Three months after surgery with general anesthesia, between 10 and 15 percent of patients may have cognitive deficits. The first paper linking anesthesia and cognitive disorders was published in 1887, but physician anesthesiologists and surgeons rarely ask about postoperative cognitive dysfunction (POCD), and patients seldom mention it. A new patient safety initiative focusing on reducing delirium and cognitive disorders following anesthesia addresses 170 years of what is now recognized as POCD.
“At present, we do not ask patients how they are doing cognitively after surgery, and we don’t tell them that there may be declines after surgery,” said Kirk Hogan, M.D., J.D., Professor in the Department of Anesthesiology at the University of Wisconsin. “In the future, we will ask and we will tell. The goal of the initiative is to accelerate the adoption of best practices and ensure patients are aware of the risks when making decisions regarding surgical interventions.”
Dr. Hogan explored the history of POCD Sunday during the Lewis H. Wright Memorial Lecture, “Cognitive Changes After Surgery: Don’t Ask, Don’t Tell.” Caregivers haven’t always heeded case reports and increasingly rigorous research into the cognitive effects of anesthesia.
One objection was the perceived need for pain as a component of healing. There were religious objections. Early accounts of cognitive changes associated with anesthesia did not distinguish between “insanity” and less severe cognitive dysfunction.
While papers in the 1940s and 1950s called for more research into links between neurocognitive declines and anesthesia, researchers in the 1960s tended to focus on other concerns. POCD was not considered a safety concern until the development of cardiac bypass surgery.
“Surgeons and families started reporting cognitive declines following bypass surgery,” Dr. Hogan said. “Research found that up to 30 percent of patients had cognitive declines after cardiac surgery.”
It wasn’t until the late 1990s that researchers began to investigate neurocognitive changes in non-cardiac surgery patients. About 10 percent of patients had demonstrable POCD three months after surgery. Increasing age was the only identified risk factor, which helped inspire studies on associations between anesthetics and changes similar to Alzheimer’s disease in biophysics, cell culture and rodent models.
Inhaled anesthetics increase amyloid oligomerization, activate caspase, promote amyloid beta aggregations, prevent amyloid beta clearance, and cause cytotoxicity and neuronal apoptosis, Dr. Hogan said. There was loss of learning and increased mortality that was worse in older rodents, and worse with specific combinations of anesthetics. Anesthetics also were associated with aseptic inflammatory response and necroptosis, upregulation of a variety of inflammatory cytokines and increased activation of macrophages and CNS microglia.

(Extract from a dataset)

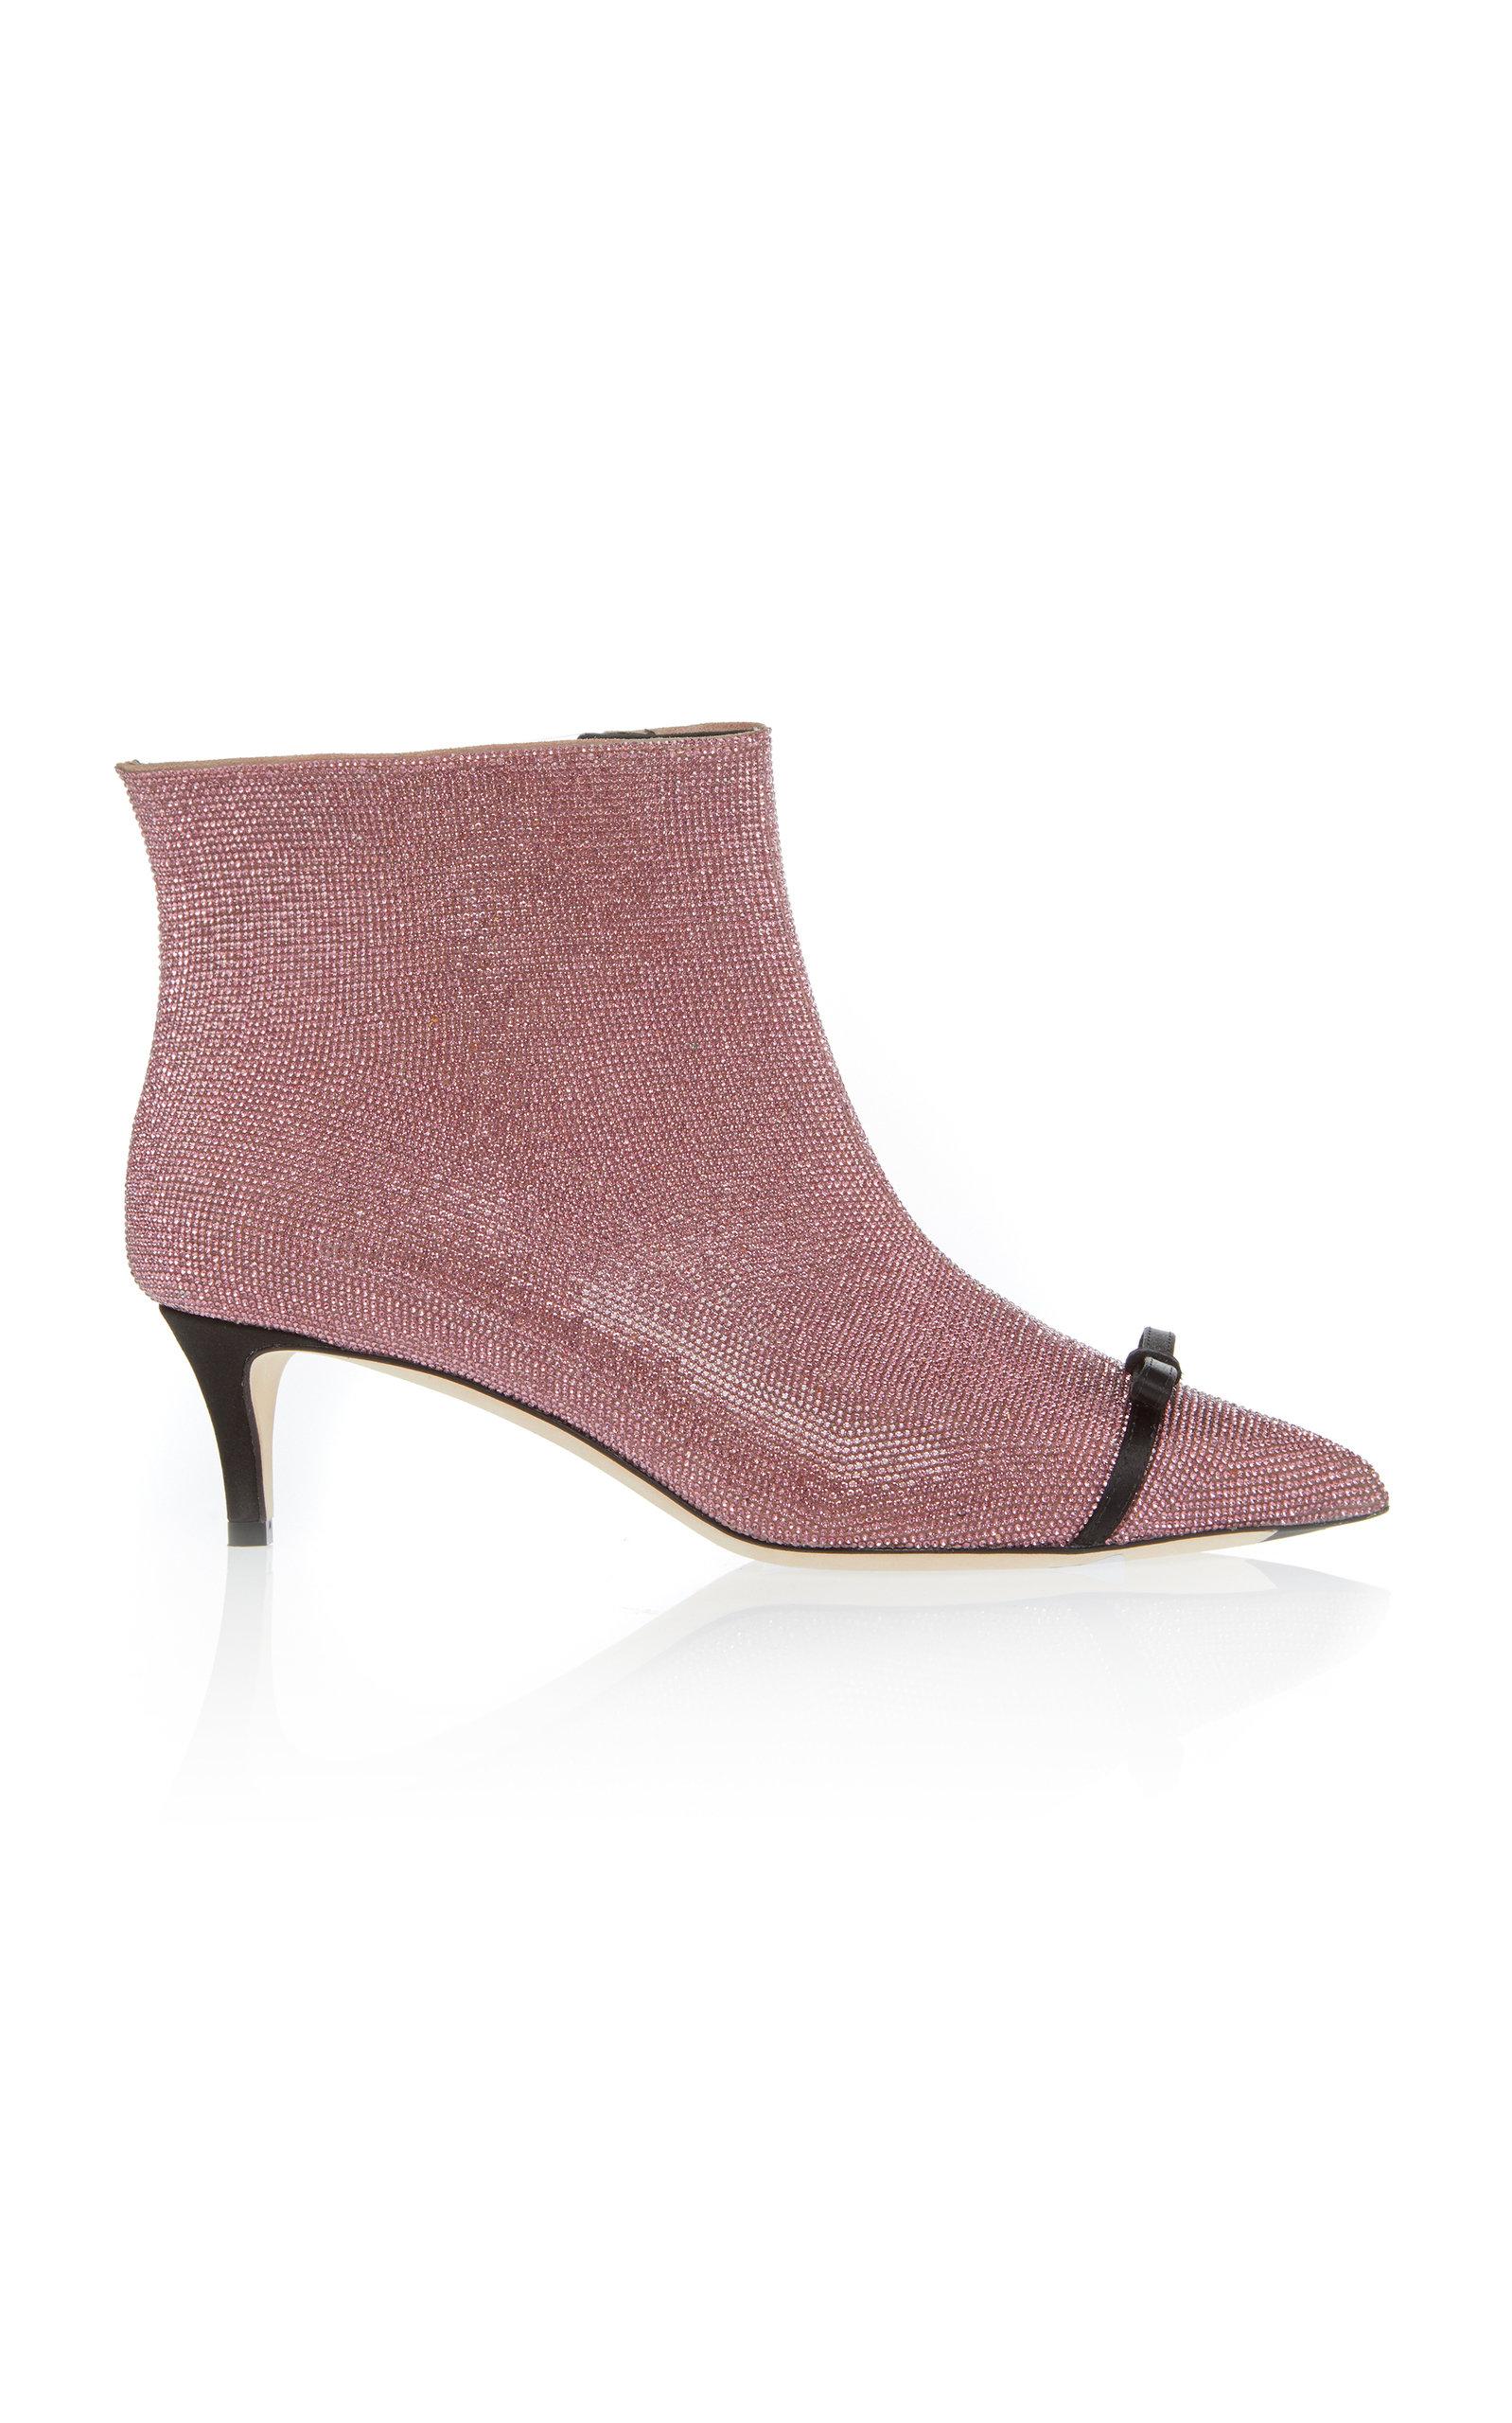 Crystal-Embellished Ankle Boots, Purple

Dr. Hogan said that half of non-cardiac surgery patients will show signs of POCD at two to seven days after surgery. POCD persists in 12-30 percent of patients at three months and 3-10 percent have persistent POCD at one year.
According to Dr. Hogan, the cause of POCD is debatable and further research into this important safety concern is necessary. “We will be sorting out the effects of anesthesia and surgical trauma for decades to come,” he said.